Mister Deck, are you my stinkin’ Daddy?

That, ladies and gentleman was the voice of T. R., the heroine of Larry McMurtry’s novel, Some Can Whistle.  (You could tell the young lady was from Texas, right?)   This furious young voice is directed at Danny Deck, a failed novelist, and retired sitcom writer who is spending his middle years retreating from the active life that made him rich and unhappy.  Part of this retreat is fueled by overexposure to the Entertainment Industry but another part comes from Danny’s sad ablity to irritate women, any woman he’s known longer than a minute.  So he answers the demand with true Danny Deck caution: “I don’t think I stink…”   And the game is on.

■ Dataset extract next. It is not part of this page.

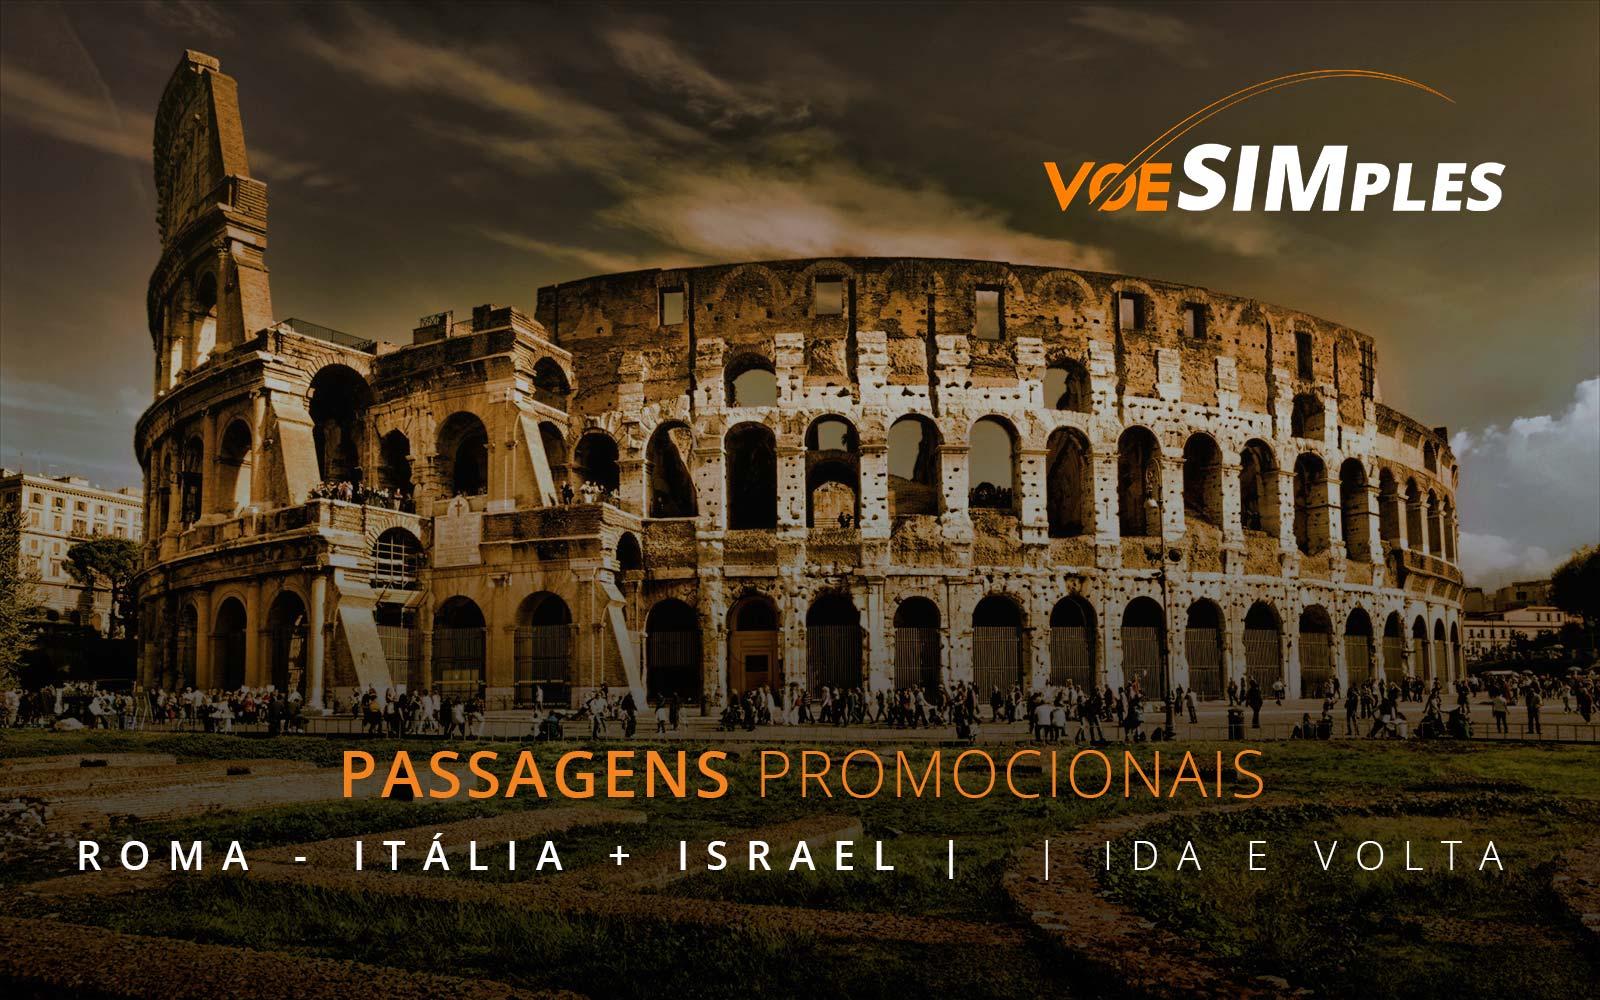 Passagens aéreas promocionais para a Itália e Israel

T. R.  is Tyler Rose, the enchanting, demanding, daughter Danny’s ex-wife carried away at birth  and Mr. Deck’s second chance at real life.  Instead of spouting monologues to his former girlfriends’ answering machines and marinating by the pool in a kaftan, Danny has to run to keep up with Tyler Rose, her children, and the entourage of friends and lovers that follow her every self-confident step.  These two, who seem to have nothing in common but DNA, each need what the other can give.   While T.R. puts her father in a traveling maelstrom of crises, it is the shock he needs to begin living again.  And T.R. needs Danny’s help to broaden the life that has boiled down to waitressing at a Mr. Burger, raising two children by herself and avoiding the ex-boyfriend that’s threatening to kill her.
That’s just part of the book, Some Can Whistle.  With the crises and the jokes come pop culture commentary and a novelist’s love song to the City of Houston.  Like his creator, Danny Deck finished college at Rice University and there’s something that sounds like autobiography in those sentences of devotion.  
“I had come to it at the right time, as a young man sometimes comes to his ideal city.  In Houston I began to write, formed my first young sentences.  Its energies awakened mine; the ramshackle laziness of some of its forgotten neighborhoods delighted me.  I walked happily in it for years, smelling it’s lowland smells.  It was my Paris, my Rome, my Alexandria – a generous city.”
Kind of makes you want to visit doesn’t it?
You know, the internet has given many of us the chance to emulate Danny Deck.  With its electronic layer of detachment we can reconnect with friends while keeping them at arm’s length and visit anyplace on Google Earth without knowing what it’s really like to be there.  That’s life once removed and while it’s better than nothing, it isn’t real, it isn’t true, it isn’t T. R.  While you can, follow the brash young tunes that Some Can Whistle and be a part of real life.  Those are memories I don’t think you’ll  regret.